The trial court, however, also rendered judgment against Berman and Perry Brothers, Inc. for punitive damages. It rendered judgment for City Products Corporation against those defendants for thirty thousand dollars, and it rendered judgment for Z. S., Inc. for fifteen thousand dollars. The jury made findings that neither City Products Corporation nor Z. S., Inc. had suffered any actual damages, but that the stated amounts should be awarded as punitive damages. When a distinct, wilful tort is alleged and proved in connection with a suit upon a contract, one may recover punitive damages, but even in that instance the complainant must prove that he suffered some actual damages. International Bankers Life Ins. Co. v. Holloway, 368 S.W.2d 567 (Tex.1963); A. L. Carter Lumber Co. v. Saide, 140 Tex. 523, 168 S.W.2d 629, 631 (1943); Fort Worth Elevators Co. v. Russell, 123 Tex. 128, 70 S.W.2d 397, 409 (1934); McDonough v. Zamora, 338 S.W.2d 507, 513 (Tex.Civ.App.-San Antonio 1960, writ ref'd n. r. e.); Briggs v. Rodriguez, 236 S.W.2d 510 (Tex.Civ.App.-San Antonio 1951, writ ref’d n. r. e.). See also, Southwestern Investment Co. v. Neeley, 452 S.W.2d 705, 707 (Tex.1970); Seegers v. Spradley, 522 S.W.2d 951, 957 (Tex.Civ.App.-Beaumont 1975, writ ref’d n. r. e.). The court of civil appeals was correct in reversing that part of the judgment.
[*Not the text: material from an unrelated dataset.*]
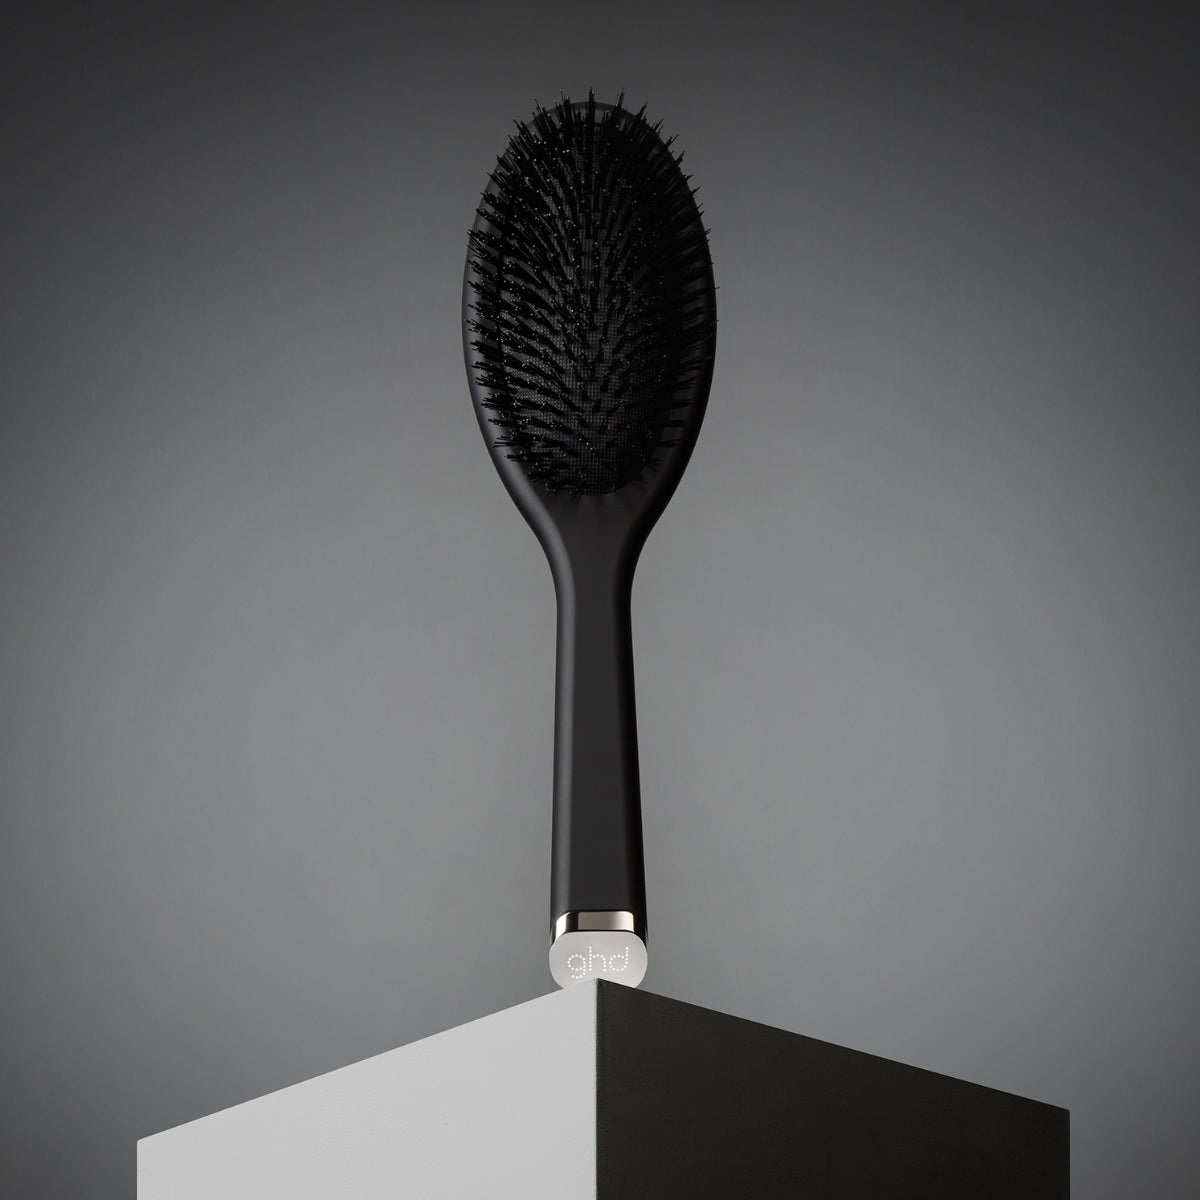 Ghd The Dresser - Oval Hair Brush

We examined the other points that Ber-man and Perry Brothers, Inc. urged in the court of civil appeals to determine if there are factual matters which require our remand of the cause to that court. They have urged a number of factual insufficiency points, but our decision renders all of them immaterial. They are points which complain of the trial court’s judgment against them for punitive damages, and we have held that neither Berman nor Perry Brothers, Inc. is subject to those damages. That part of the judgment of the court of civil appeals was correct in its reversal of the trial court’s judgment.

We, therefore, reverse that part of the judgment of the court of civil appeals which dissolved the injunction ordered by the trial court and affirm that portion of the trial court’s judgment. We affirm that part of the judgment of the court of civil appeals which reversed the trial court’s judgment for punitive damages in favor of City Products Corporation and Z. S., Inc. Since both petitioners and respondents have in part prosecuted their appeals with effect, one-half of the costs in the trial court and on appeal are adjudged against City Products Corporation, Z. S., Inc., and A & I Levy Estates, a partnership. The other half of the trial and appellate costs are adjudged against the Estate of Max Berman and Perry Brothers, Inc. Commercial Standard Ins. Co. v. Ebner, 149 Tex. 28, 228 S.W.2d 507, 511 (1950); Tex.R.Civ.Pro. 501.